By Peter Sprigg – BarbWire guest contributor
In coming weeks, the U.S. Supreme Court will be flooded with “amicus curiae” (“friend-of-the-court”) briefs detailing the specialized arguments of a variety of interests on whether they should redefine marriage to include same-sex couples in all fifty states.
One of the strangest arguments was submitted on March 5 by “379 employers and organizations representing employers.” It boiled down to this: the Supreme Court should force genderless marriage on every state — in order to save us same paperwork.
You see, many corporations now give benefits, such as health insurance, to the same-sex “domestic partners” of their homosexual employees. If those employees are not legally married, however, the benefits are treated differently for tax purposes, which complicates the accounting.
For this, we are supposed to change the definition of our most fundamental social institution.
The employers’ brief includes other arguments as well — although they are even more nebulous. For example, they claim that “discrimination impairs an employer’s ability to compete for the best workforce.” If this is true, however, you would think companies with internal nondiscrimination policies and domestic partner benefits would want to retain that competitive advantage — rather than demanding that the courts forcibly level the playing field.
The brief claims that homosexual employees will not want to relocate to states where they cannot legally “marry” a same-sex partner. If this were such an important factor in being able to obtain “the best workforce,” however, you would think it would show up in macroeconomic data.
For example, growth in jobs, personal income, and population are some key measures of a state’s economic health. We can also gauge a state’s commitment to the natural marriage of one man and one woman or to the genderless redefinition of marriage by the results of the democratic process there. There are thirty states in which the people voted to define marriage as the union of one man and one woman in their state constitutions. There are ten states which did not adopt such a limitation, but which instead changed the definition of marriage to include same-sex couples via the democratic process (either a legislative vote, popular referendum, or both), not through a court order.
If the theory that redefining marriage aids economic competitiveness is correct, then we would expect the ten states that voluntarily redefined marriage to be disproportionately represented in the fastest growing states, while the thirty that acted to defend natural marriage should suffer.
The data show the exact opposite. The top ten states in personal income growth between the second and third quarters of 2014, as reported by the Department of Commerce in December, did include three of the states that freely chose to redefine marriage — New York (at #6), Washington (7), and Hawaii (with an amendment that prevented the courts, but not the legislature, from redefining marriage) at number 9. However, four of the top five states in personal income growth were marriage amendment states — Texas (1), Utah (3), Arizona (4), and Nevada (5).
Among the top ten states in population growth from the 2010 census to July 1, 2014, two (Washington at #6, and Hawaii at #9) were marriage-redefining states. However, all eight others, including all of the top five (North Dakota, Texas, Colorado, Utah, Arizona) were marriage amendment states.
Finally, among the top ten states in job growth, according to June 2014 projections by Kiplinger, all ten were marriage amendment states (North Dakota, Texas, Arizona, Utah, Colorado, Idaho, Florida, Oregon, Georgia, and South Dakota). If anything, these data suggest that redefining marriage may hinder economic growth, not help it.

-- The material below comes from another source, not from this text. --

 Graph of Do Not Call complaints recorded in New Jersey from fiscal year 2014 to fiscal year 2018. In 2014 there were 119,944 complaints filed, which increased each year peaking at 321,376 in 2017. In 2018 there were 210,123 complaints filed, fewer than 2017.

Some may argue that it doesn’t matter if the redefinition of marriage arrived via democratic process or court order — what matters is that same-sex couples now get civil marriage licenses. However, being among the twelve remaining states that have never issued such licenses did not stop Texas from ranking first in income growth, and second in both population and job growth. It did not stop North Dakota from ranking first in both population and job growth; nor did it stop South Dakota from being in the top ten in two of these categories or Georgia from being in the top ten in one.

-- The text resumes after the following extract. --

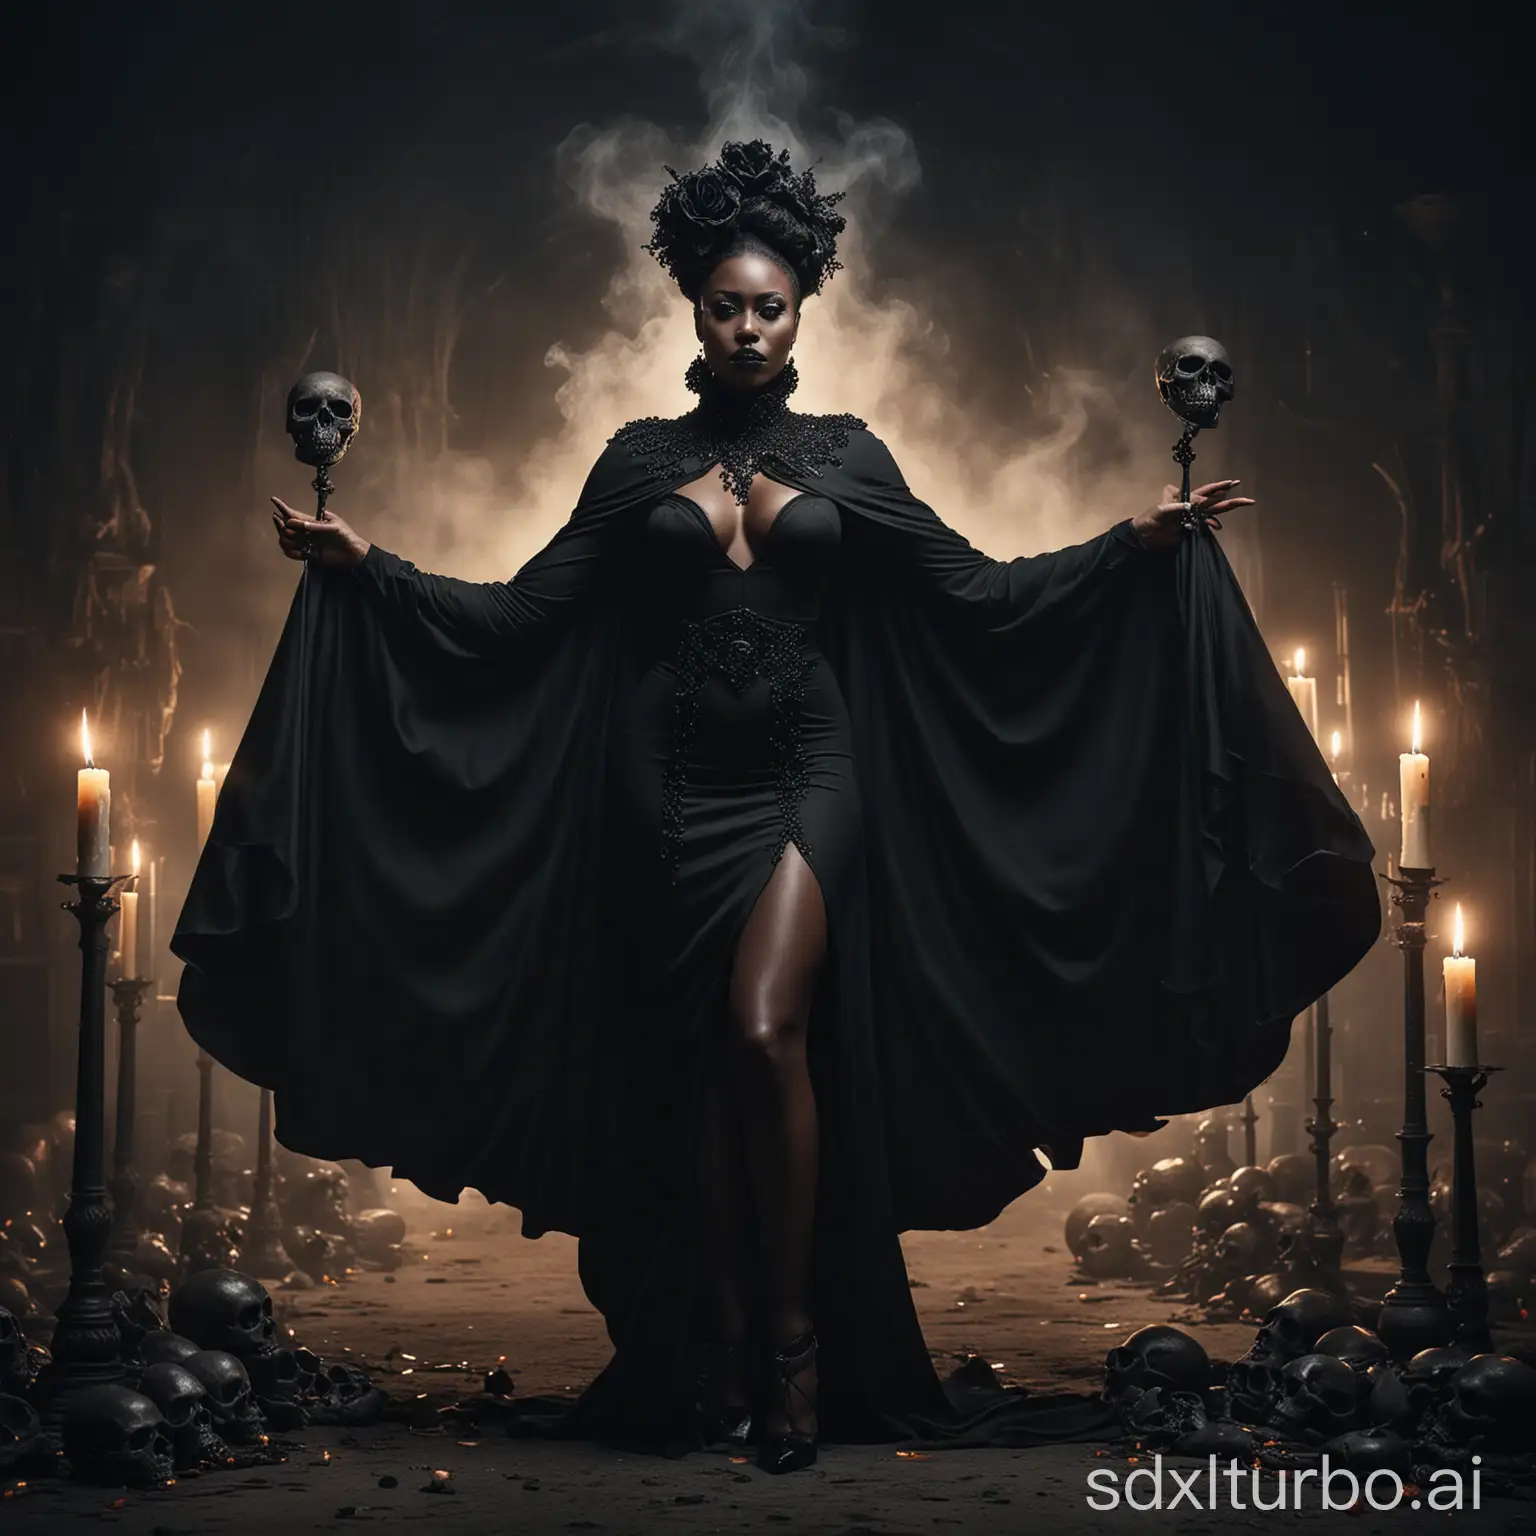 Majestic-Black-Woman-in-Enigmatic-Surroundings-with-Skull-Accents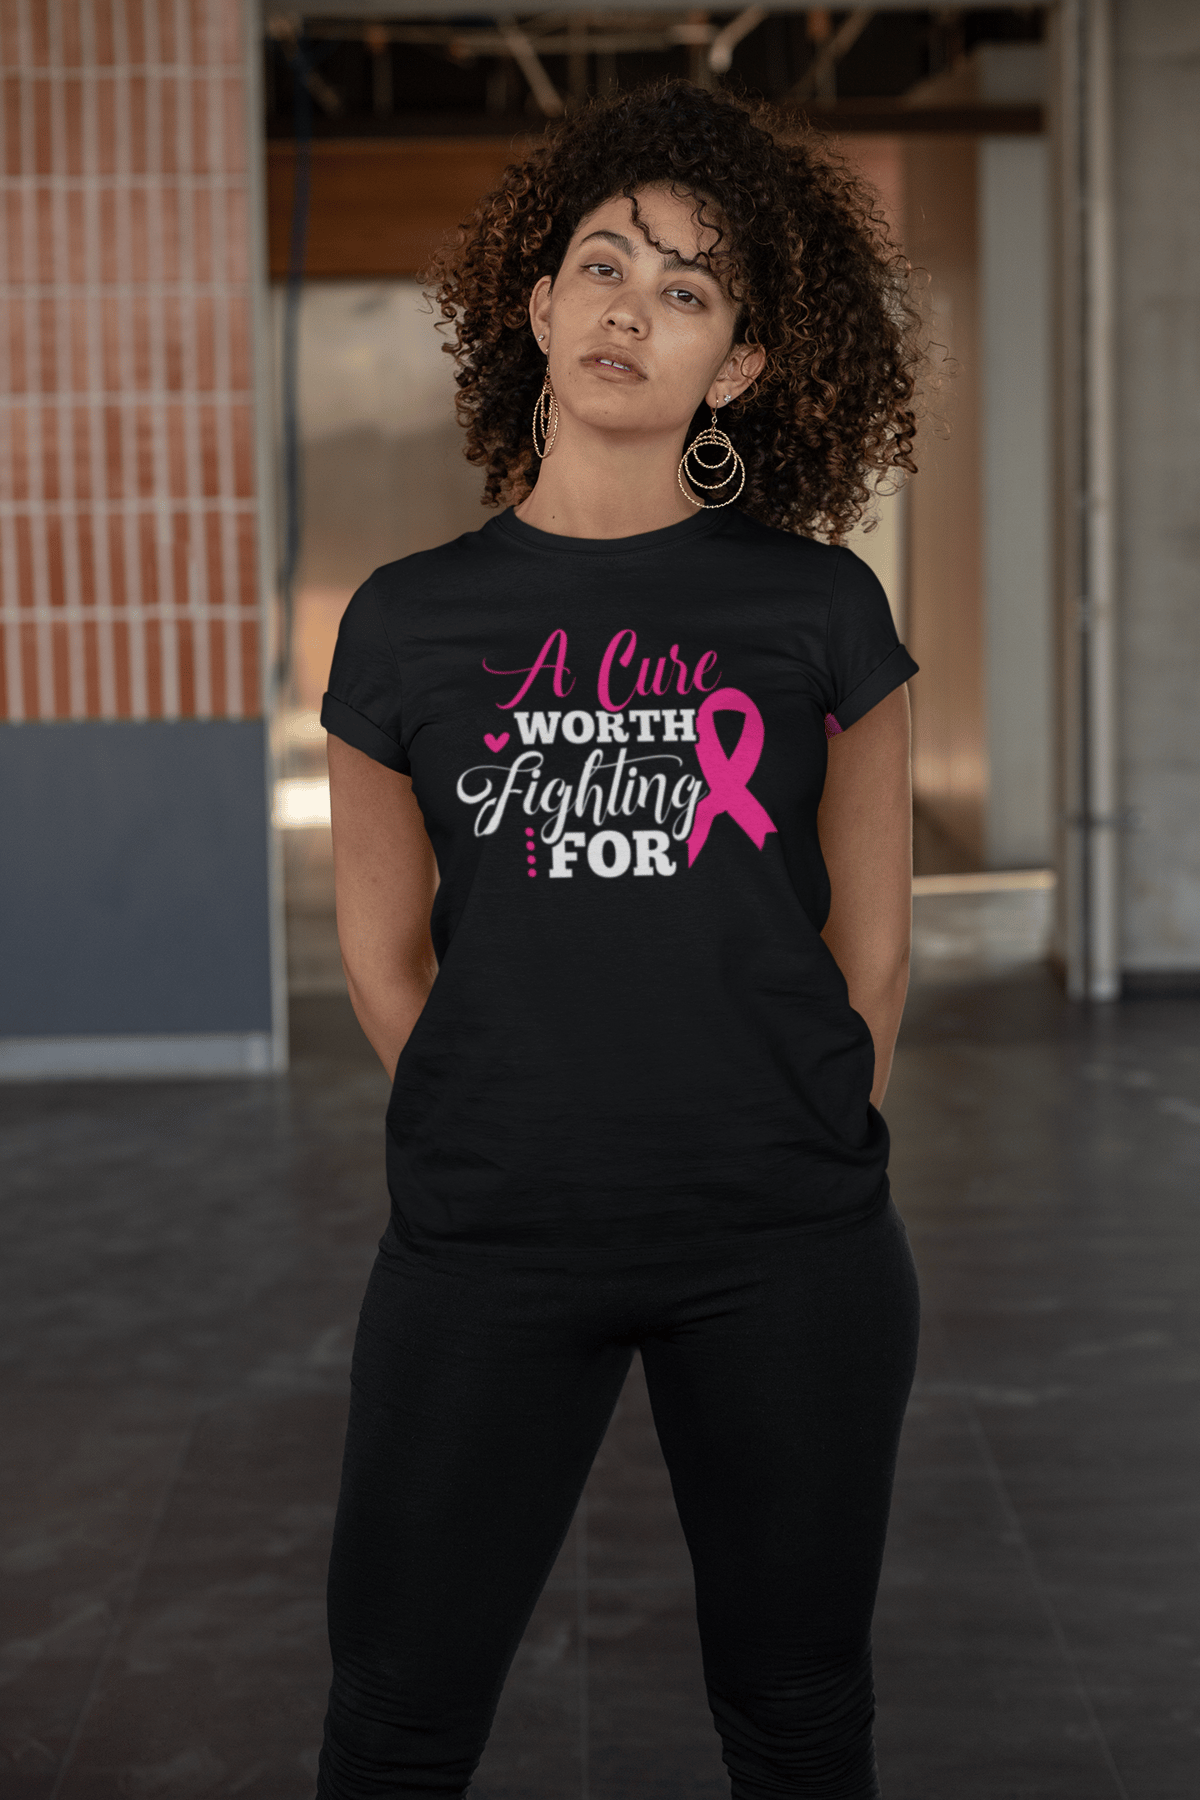 breast cancer awareness t-shirt design, the fighter girl breast

The economic argument for redefining marriage is not, strictly speaking, a legal or constitutional argument at all. It is a political argument, which the 379 employers are welcome to make before the legislatures or the people of the states. One thing I would hope that all Americans would agree on is this: the Supreme Court cannot — it must not — make its decisions on constitutional claims based on what the Justices (or anyone else) prefers as public policy.
However, we should be especially wary of making such decisions based on assertions that are so easily shown to be empirically false.
Peter S. Sprigg is Senior Fellow for Policy Studies at the Family Research Council in Washington, D.C. Mr. Sprigg joined FRC in 2001, and his research and writing have addressed issues of marriage and family, human sexuality, the arts and entertainment, and religion in public life.